Russell Brown is a freelance journalist based in Auckland.
OPINION: The Misuse of Drugs Act 1975 haunts the NZ Drug Foundation’s biennial parliamentary symposium like a body buried in the Beehive’s foundations.
Exorcisms have been tried. The Law Commission review in 2010 found the law “fails to respond appropriately to the health and addiction issues which often underpin illicit drug use”. Then-prime minister John Key and his justice minister, Simon Power, responded to its proposals for change by dismissing them.
In 2018, He Ara Oranga: Report of the Government Inquiry into Mental Health and Addiction fairly rang with pleas for drug decriminalisation – and endorsed the Law Commission’s call for the repeal and replacement of the act. Governments have fiddled around the edges, yet there is no sign that any has the stomach to follow the expert advice and write a modern law on drugs.
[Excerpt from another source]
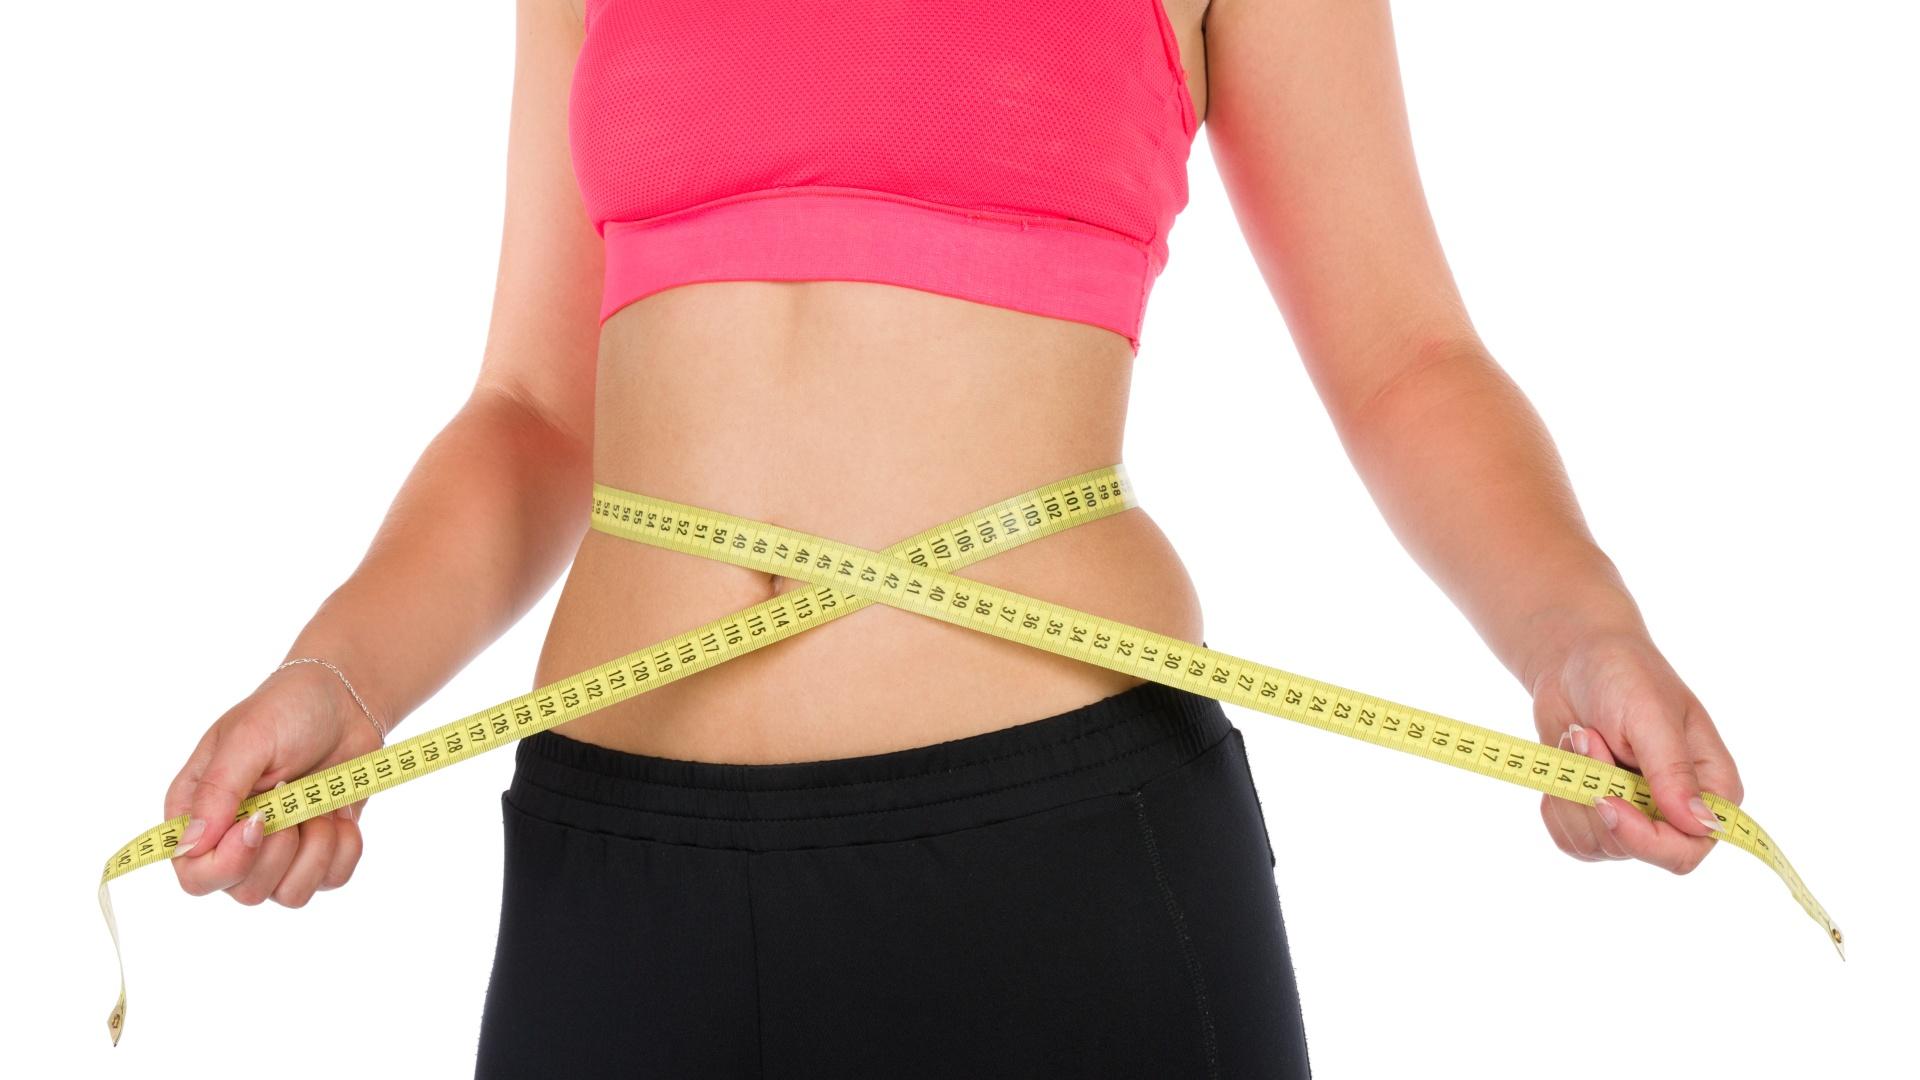 pierderea în greutate va ajuta fertilitatea

Such was the stench seeping from the walls as delegates took their seats for this month’s symposium. Past events have been themed on the potential for reform, but this year’s banner, “Addressing unmet health needs and reducing drug harm”, was more about making do. MPs who have averted their gaze for decades are not likely to spring into action in an election year.
Many of those who attended were the same mental health and addiction workers who informed He Ara Oranga and who still face the same problems getting help to people who need it. Others (there is quite a large overlap) were there on the basis of what the sector calls “lived experience”. There were police officers, scientists and current and former gang members.
A handful were from other countries. “I’m a nice guy,” declared Arild Knutsen of Norway’s Association for Humane Drug Policies. “I’m a drug user. I deserve a dignity in life that everyone else can take for granted.” Kirsten Horsburgh, the former mental health nurse who heads the Scottish Drugs Forum, wept as she showed photographs of the filthy alleys where addicts are forced to shoot up in Glasgow. “Sorry,” she said. “Jet lag.”
Suzanne Cookson, of ADHD New Zealand, told the room that under current laws it was easier for many people to get meth than methylphenidate (Ritalin). She related the story of one man who had been diagnosed with ADHD in prison but lost access to his medication on release, when the doctor he went to dismissed him as a “drug-seeker”. The Auckland City Mission’s Jacqui Dillon explained how her clients miss access to services they need, from mental-health care to dentistry, because they’re not “clean”, in both senses of the word.
MPs from the cross-party group on mental health and addictions all acknowledged the problem, but, said the group’s de facto leader, ChlÖe Swarbrick, had yet to touch on reforming drug policy. That, said National’s Matt Doocey, was “a pretty big and hairy” issue. “It doesn’t have to be,” said Swarbrick.
Later in the day, Wendy Allison arrived. She was there to celebrate being made a member of the New Zealand Order of Merit as the founder of Know Your Stuff, the organisation that began checking illicit drugs at festivals in a legal limbo and did so until the Misuse of Drugs Act was amended – another patch on a decaying structure.
Governor-General Dame Cindy Kiro, before honouring Allison and Living Sober founder Lotta Dann, gave a speech calling for harm reduction over prohibition. There was no place, she said, for “zero-tolerance” policies.
It might have seemed an unusually political speech for a governor-general to make. But Dame Cindy’s husband, as she noted, is Dr Richard Davies, who has worked since 2014 providing mental-health and addiction care to Auckland City Mission whānau.
It was less a speech from the throne than a message from the frontline. Perhaps one day they really will get the stench out of those walls.